Günlük hayata da darbe
Diğer “adli kontrol tedbirleri” de şöyle özetleniyor. “İmza uygulaması: Hâkimin belirttiği yerlere, belirli süreler içinde düzenli olarak başvurup imza atmak”. Biraz bakıyorum haftada bir kez de olabiliyor, üç kez de… Mesela İstanbul’da bu “tedbir”in belirlenen yer-zaman-ulaşım vb. ile günlük hayata etkisini gözünüzde canlandırın.
Üstüne hâkimin “takdir hakkı”yla “Her türlü taşıtları veya bunlardan bazılarını kullanamamak ve gerektiğinde kaleme, makbuz karşılığında sürücü belgesini teslim etmek” de gelebilir. “Belirli bir yerleşim bölgesini terk etmemek, belirlenen yer ve bölgelere gidememek” de… Hayatının belirlenen dönemini öyle “yaşayacaksın” yani. İki vakte kadar mı desem, üç vakte kadar mı… Gerisi, Edip Cansever:
“İçimizdeki ölüler, dışımızdaki ölüler
İnsan yaşıyorken özgürdür
İnsan
yaşıyorken
özgürdür.”

SIRRI SÜREYYA: Acı haber dün bu yazımı geçerken geldi.
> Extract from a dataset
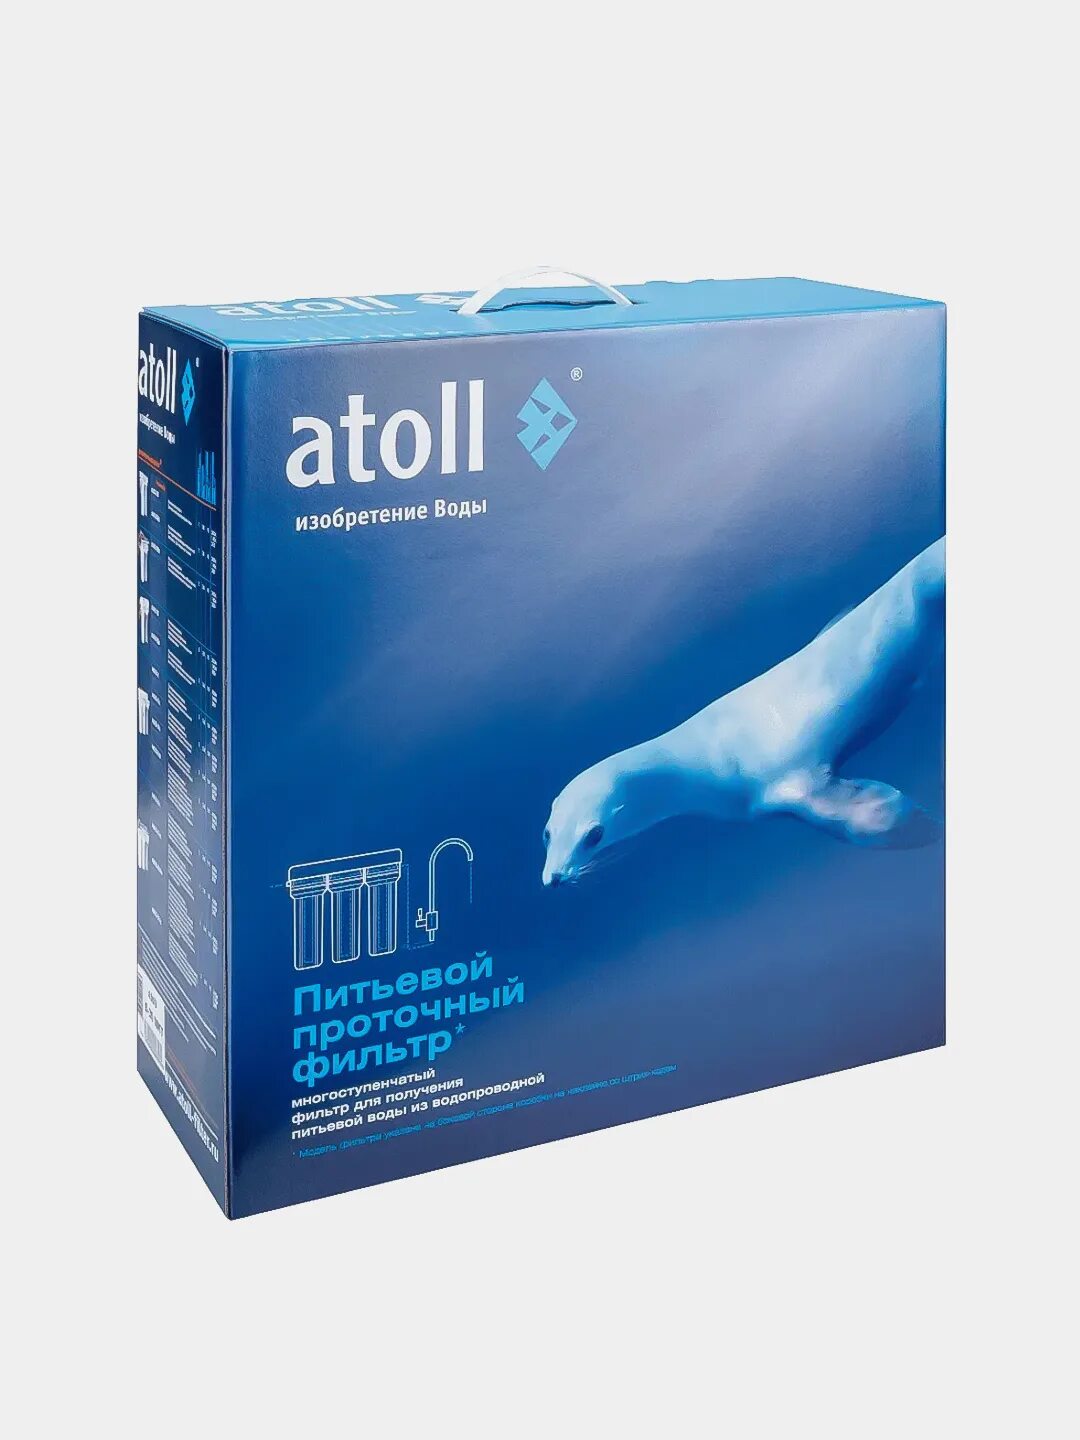 Atoll d-30s MKT. Atoll d-30. Проточный питьевой фильтр Atoll d-30 MKT. Проточный питьевой фильтр Atoll d-30 MKT В коробке. Питьевой atoll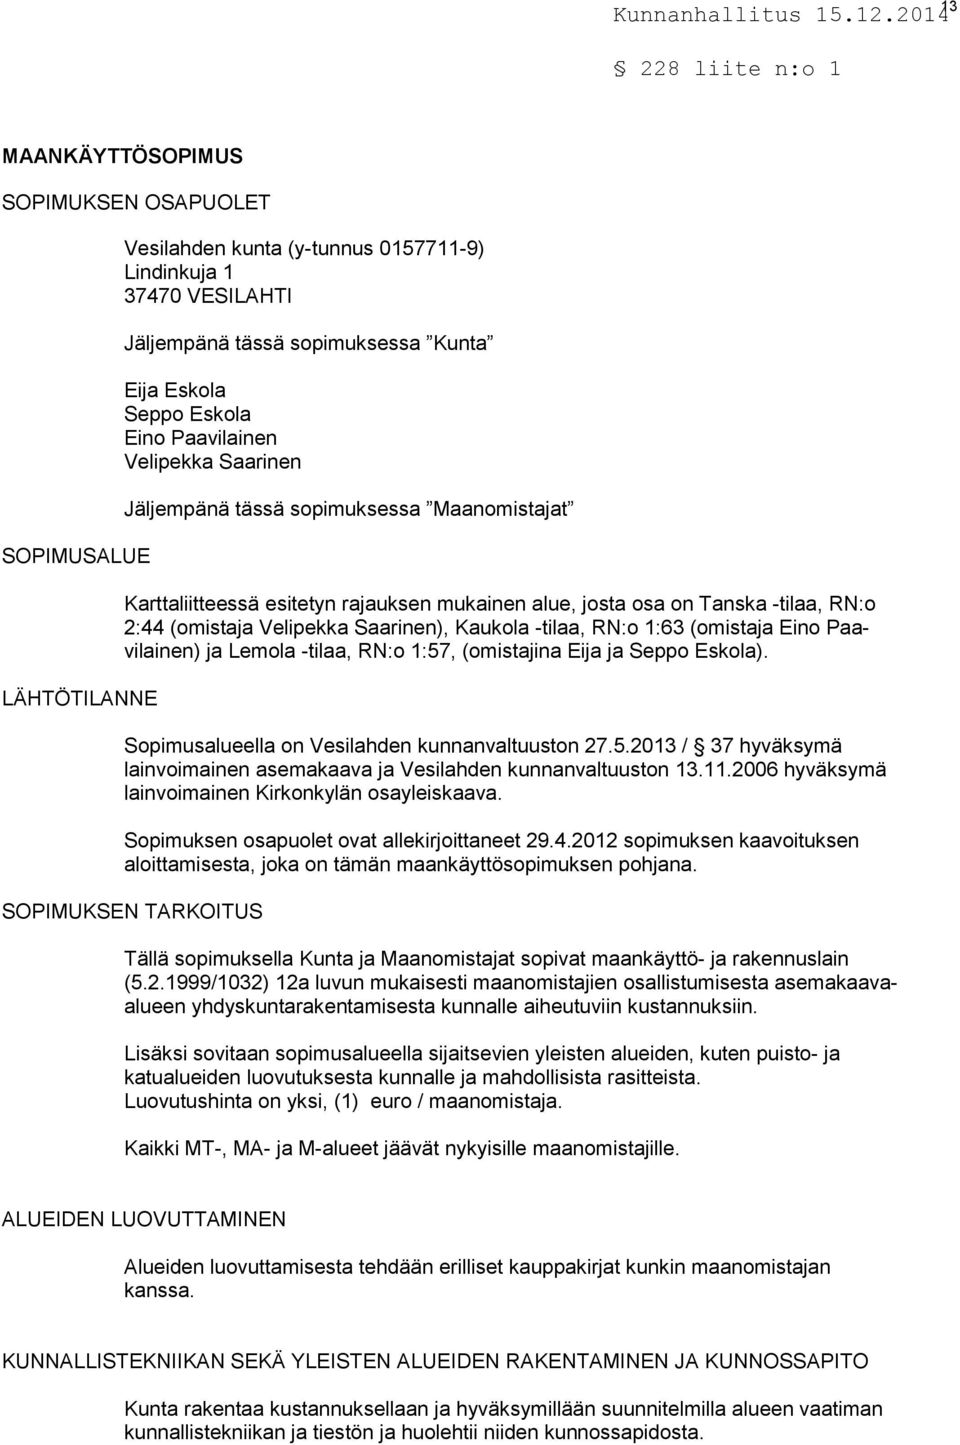 Kaukola -tilaa, RN:o 1:63 (omistaja Eino Paavilainen) ja Lemola -tilaa, RN:o 1:57, (omistajina Eija ja Seppo Eskola). Sopimusalueella on Vesilahden kunnanvaltuuston 27.5.2013 / 37 hyväksymä lainvoimainen asemakaava ja Vesilahden kunnanvaltuuston 13.

Hemen herkese onu öyle, sevgiyle, muhabbetle anma yakınlığını bahşeden Sırrı Süreyya… Barışın, insanlığın, iyiliğin, sözün kıymetinin, her şeye rağmen gülümsemenin, cezaevindeyken, “38 kez ağırlaştırılmış müebbet” istemiyle yargılanırken bile “Tebessüm de direnmektir”in timsâli Önder hayata veda etti. “Emsalsiz”in de yaşayan/yaşayacak örneği. Kendine has isyanı, stiliyle de, 15 yıl önce Radikal’deki yazılarıyla da, “Beynelmilel”le de, o yitip gitmekte olan “hikâye anlatıcılığı”yla da… Yaşamı bu yoklukta, onun yürek ağrıtan yokluğunda emsal olsun.